The Japanese Yen (JPY) kicks off the new week on a positive note and recovers further from its lowest level since November 28 touched on Friday against the US Dollar (USD). Traders, however, might refrain from placing aggressive directional bets and prefer to wait on the sidelines ahead of the highly-anticipated Bank of Japan (BoJ) policy decision on Tuesday. Heading into the key central bank event risk, growing acceptance that the Japanese central bank will show little desire towards ending negative rates or tweaking the Yield Curve Control (YCC) policy might continue to undermine the JPY. Apart from this, a generally positive tone around the equity markets could further dent the JPY’s relative safe-haven status.
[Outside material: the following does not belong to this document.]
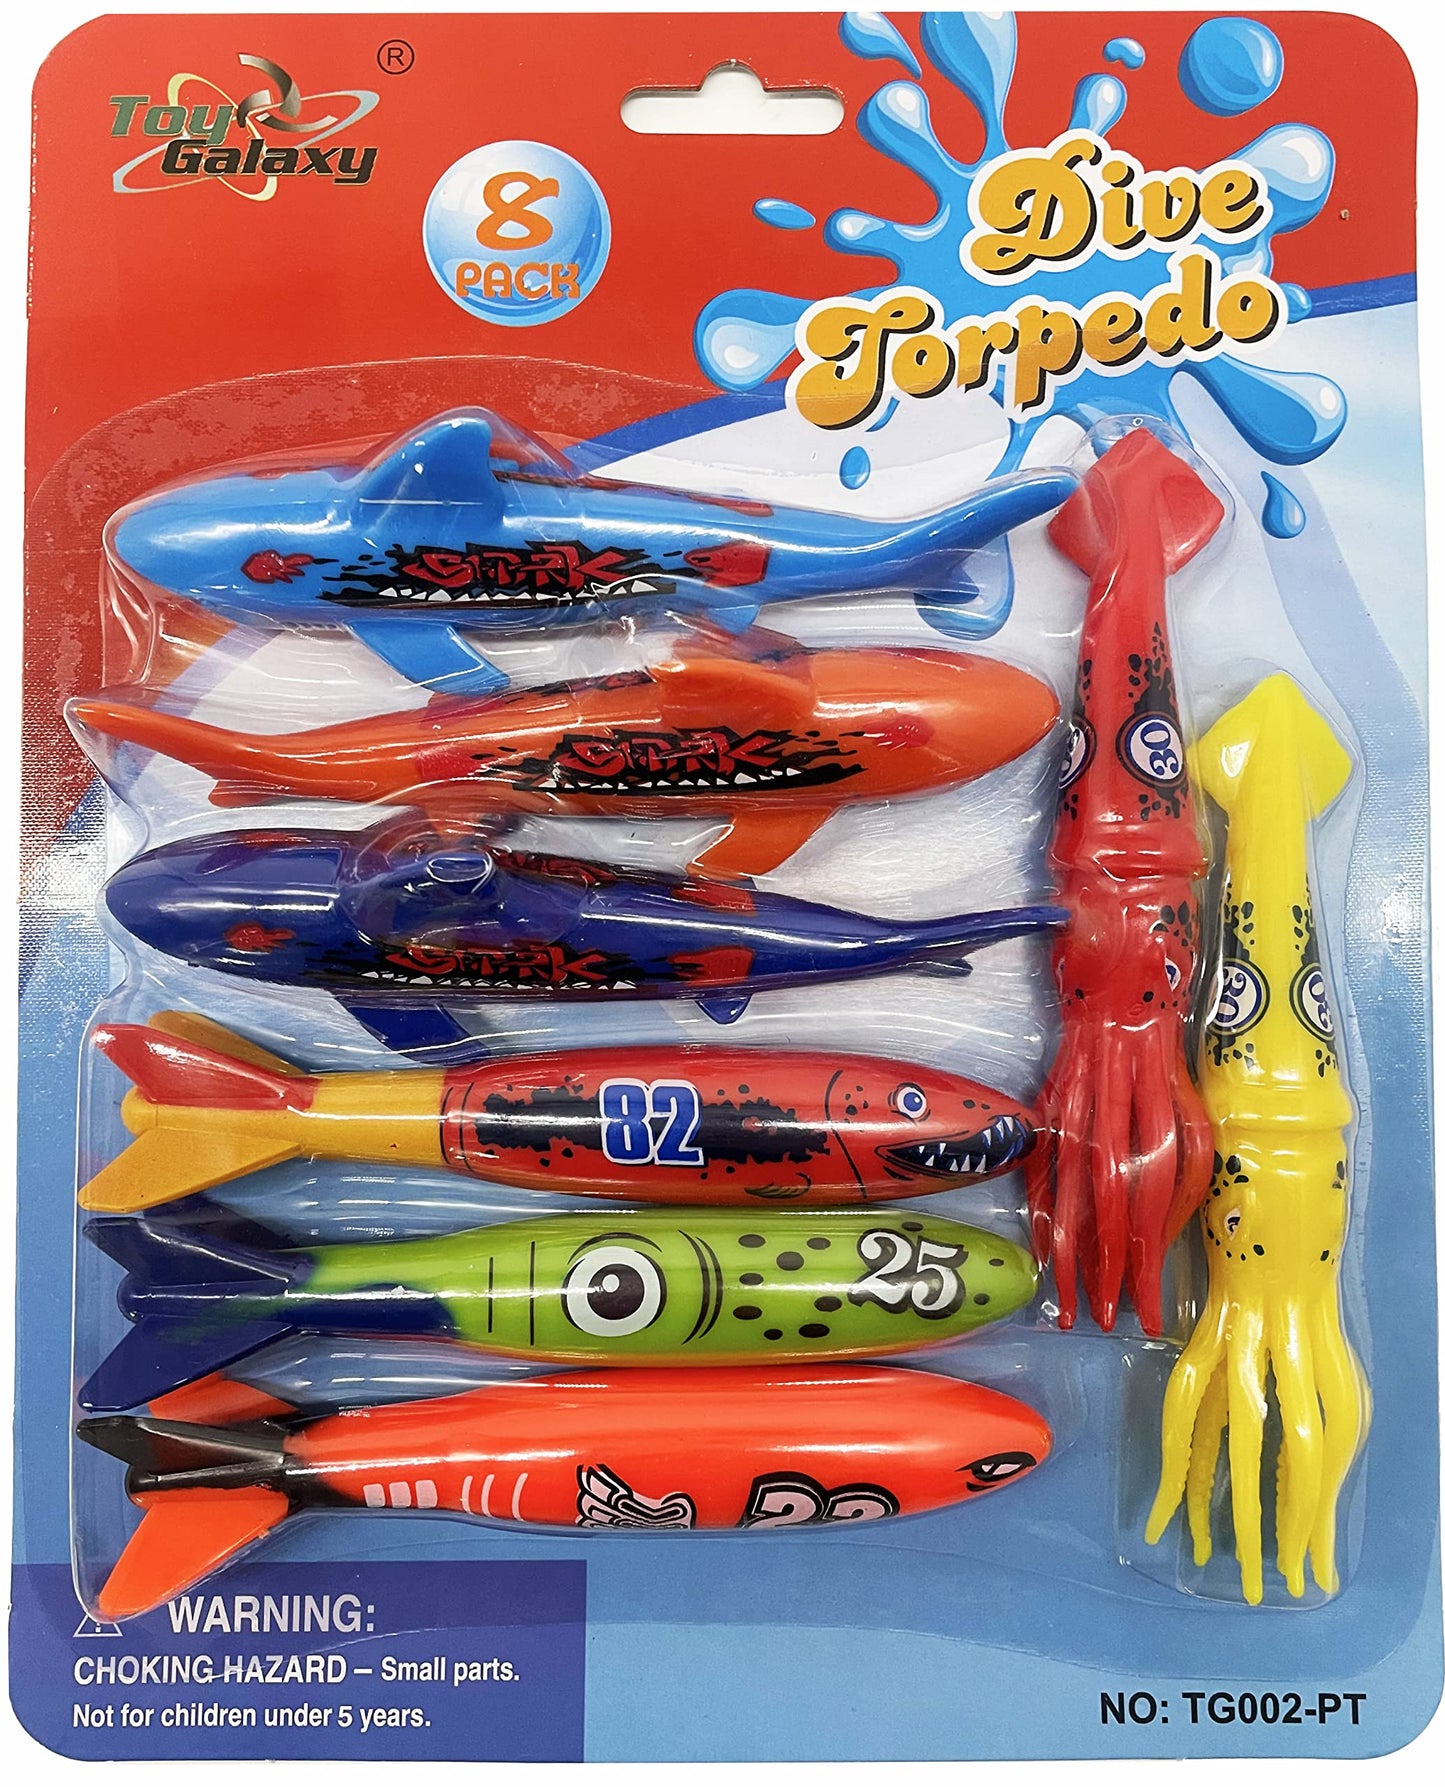 Pool Diving Toy Set for Kids, Practice Diving and Swimming, Underwater Sinking Torpedos, Sharks and Squids Multicolor Assorted

The USD, on the other hand, is likely to draw support from reduced bets for an early rate cut by the Federal Reserve (Fed) and the upbeat US consumer sentiment data released on Friday. This, along with the upbeat US Retail Sales figures and a solid labor market report, indicated that the economy remained in good shape. Adding to this, hawkish remarks by influential Fed officials forced investors to further scale back their expectations for a more aggressive Fed policy easing in 2024. This remains supportive of elevated US Treasury bond yields and acts as a tailwind for the buck. Apart from this, the recent widening of the US-Japan rate differential suggests that the path of least resistance for the USD/JPY pair is to the upside.
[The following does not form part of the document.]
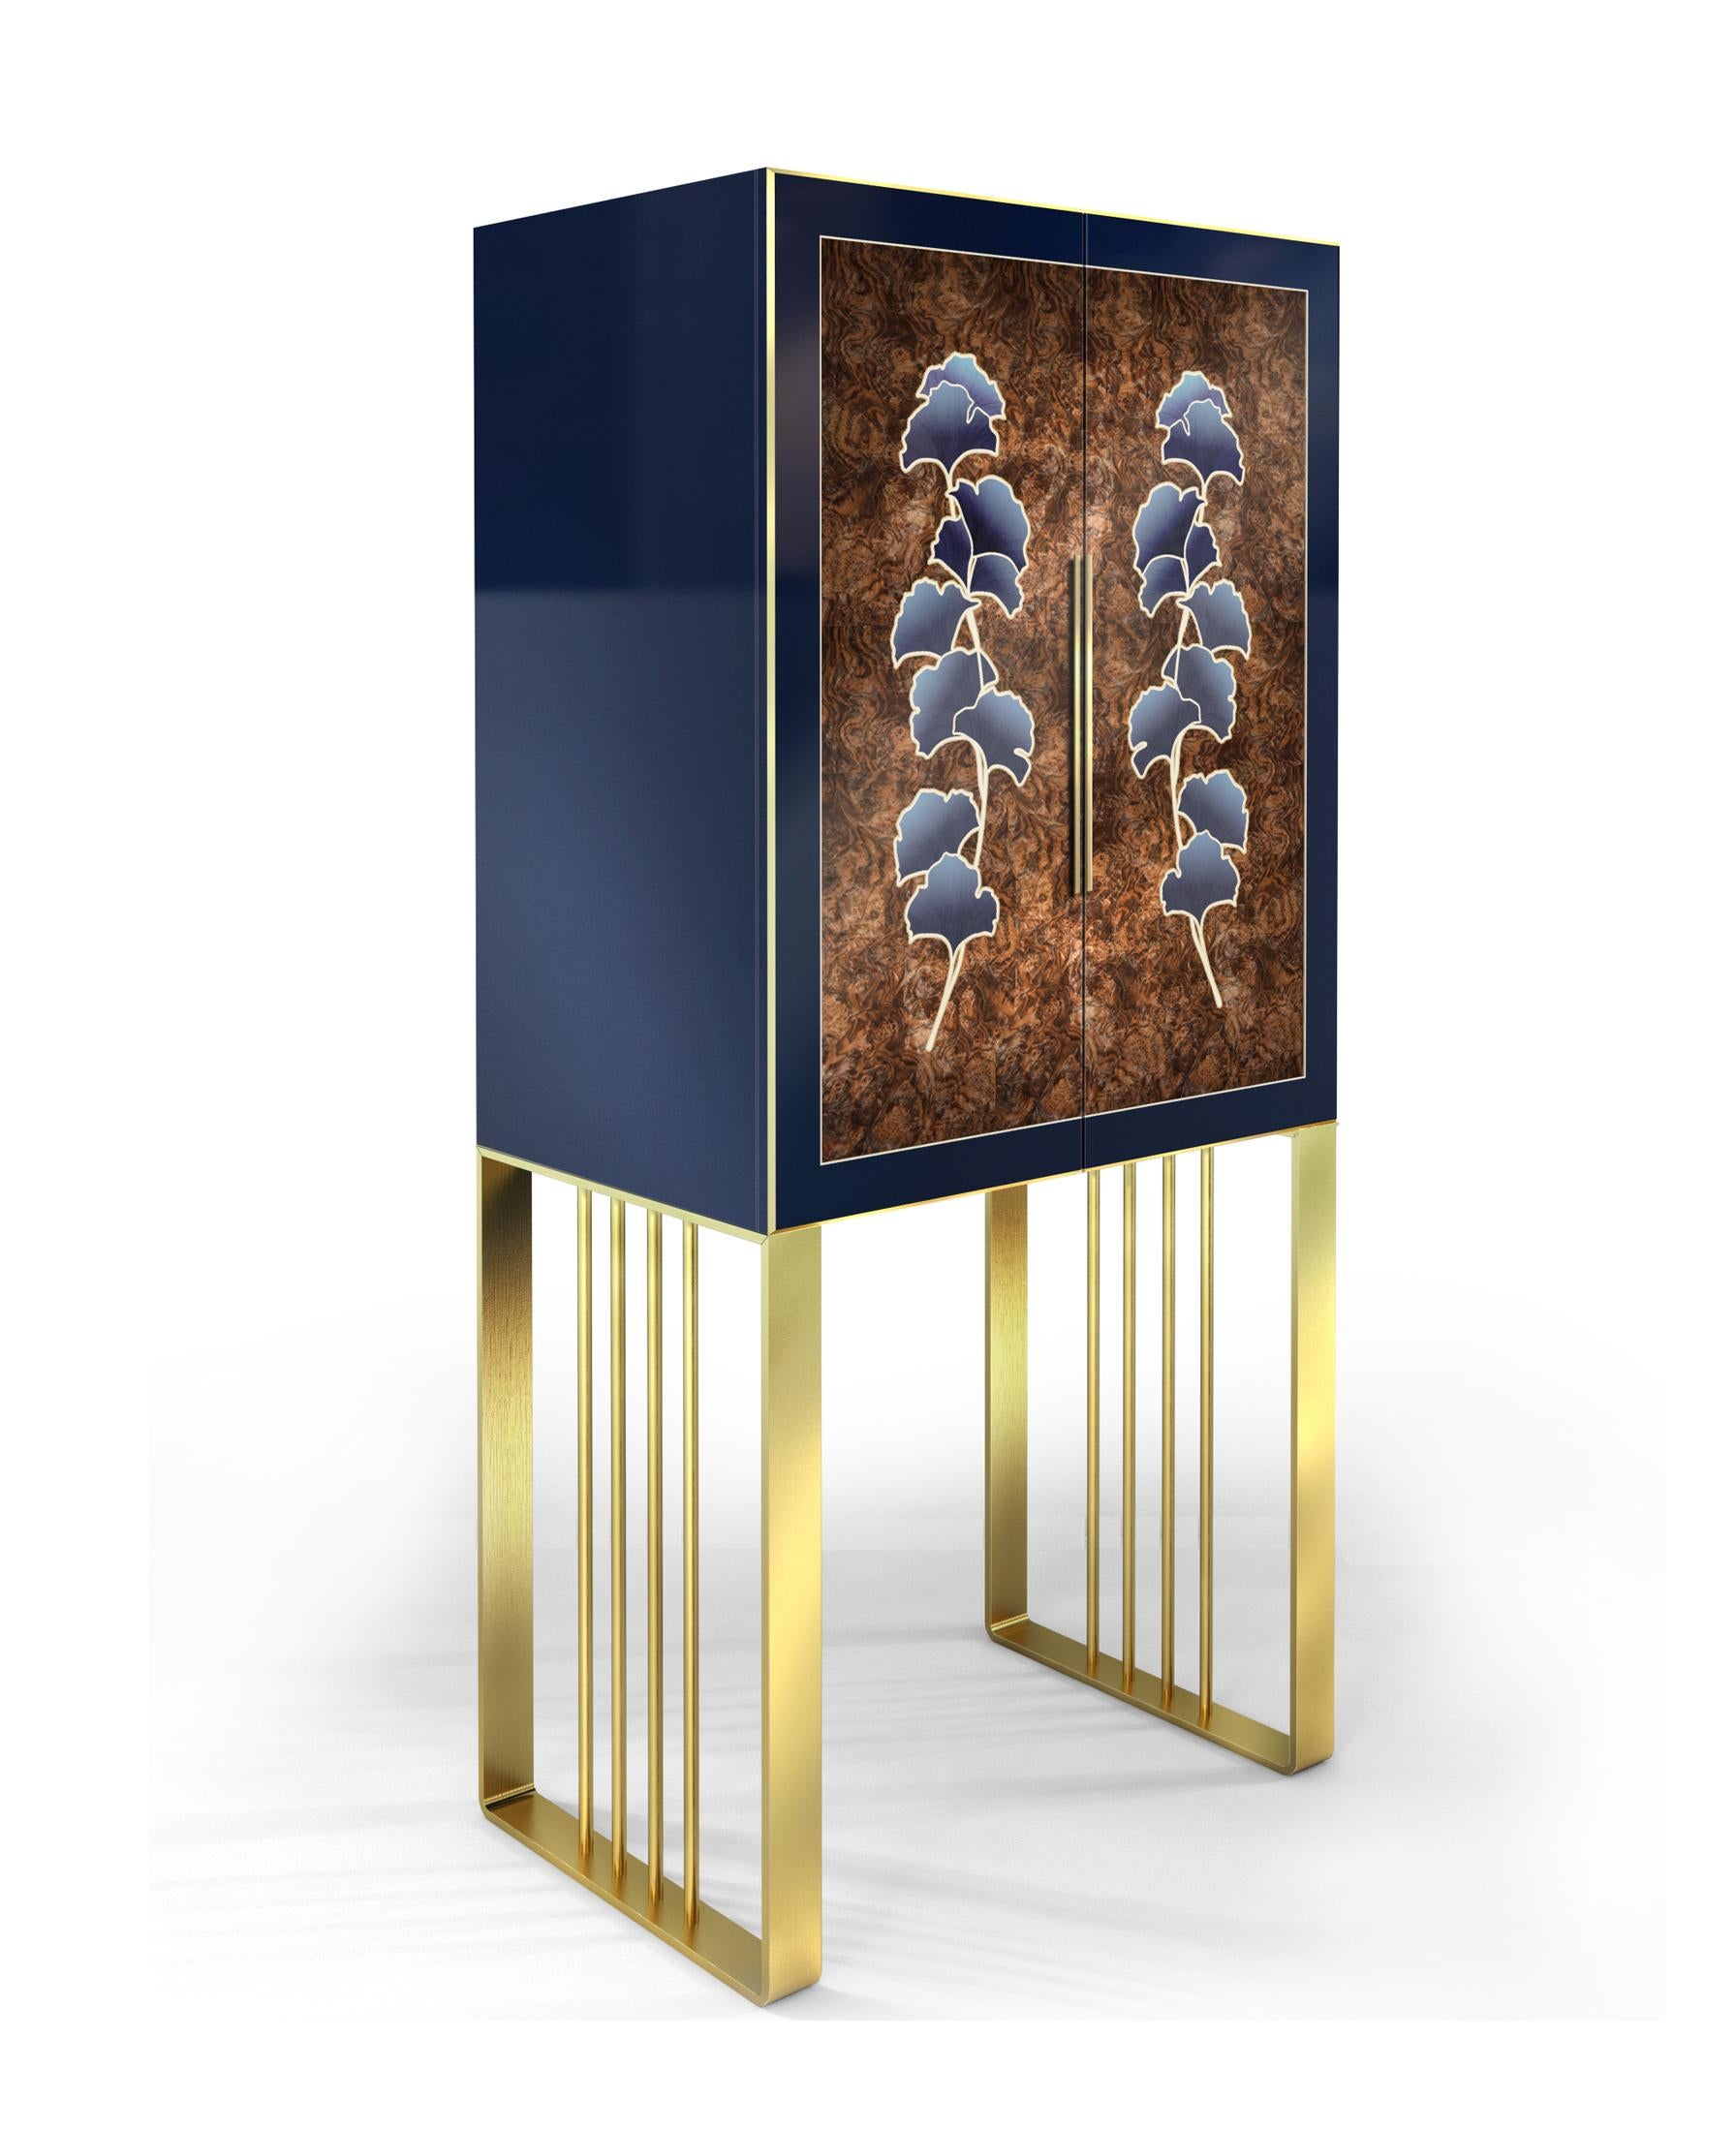 This elegant drinks cabinet is handcrafted in satin navy blue lacquer finish, rich in texture burl walnut and supported with intricate brushed brass legs. The hand-dyed English oak marquetry creates a Ginkgo leaf motif which symbolizes hope and

From a technical perspective, any subsequent downfall is more likely to find decent support near the 100-day Simple Moving Average (SMA), currently pegged near mid-147.00s. The said area could act as a pivotal point, which if broken decisively might prompt aggressive technical selling and drag the USD/JPY pair towards the 147.00 mark en route to the next relevant support near the 146.60-146.55 area.

On the flip side, the 148.00 round figure, followed by the 148.15-20 region now seems to act as an immediate hurdle ahead of the multi-week high, around the 148.80 zone touched on Friday. Some follow-through buying, leading to a subsequent strength beyond the 149.00 mark, will be seen as a fresh trigger for bullish traders. The USD/JPY pair might then aim to conquer the 150.00 psychological mark with some intermediate hurdle near the 149.70-149.75 area.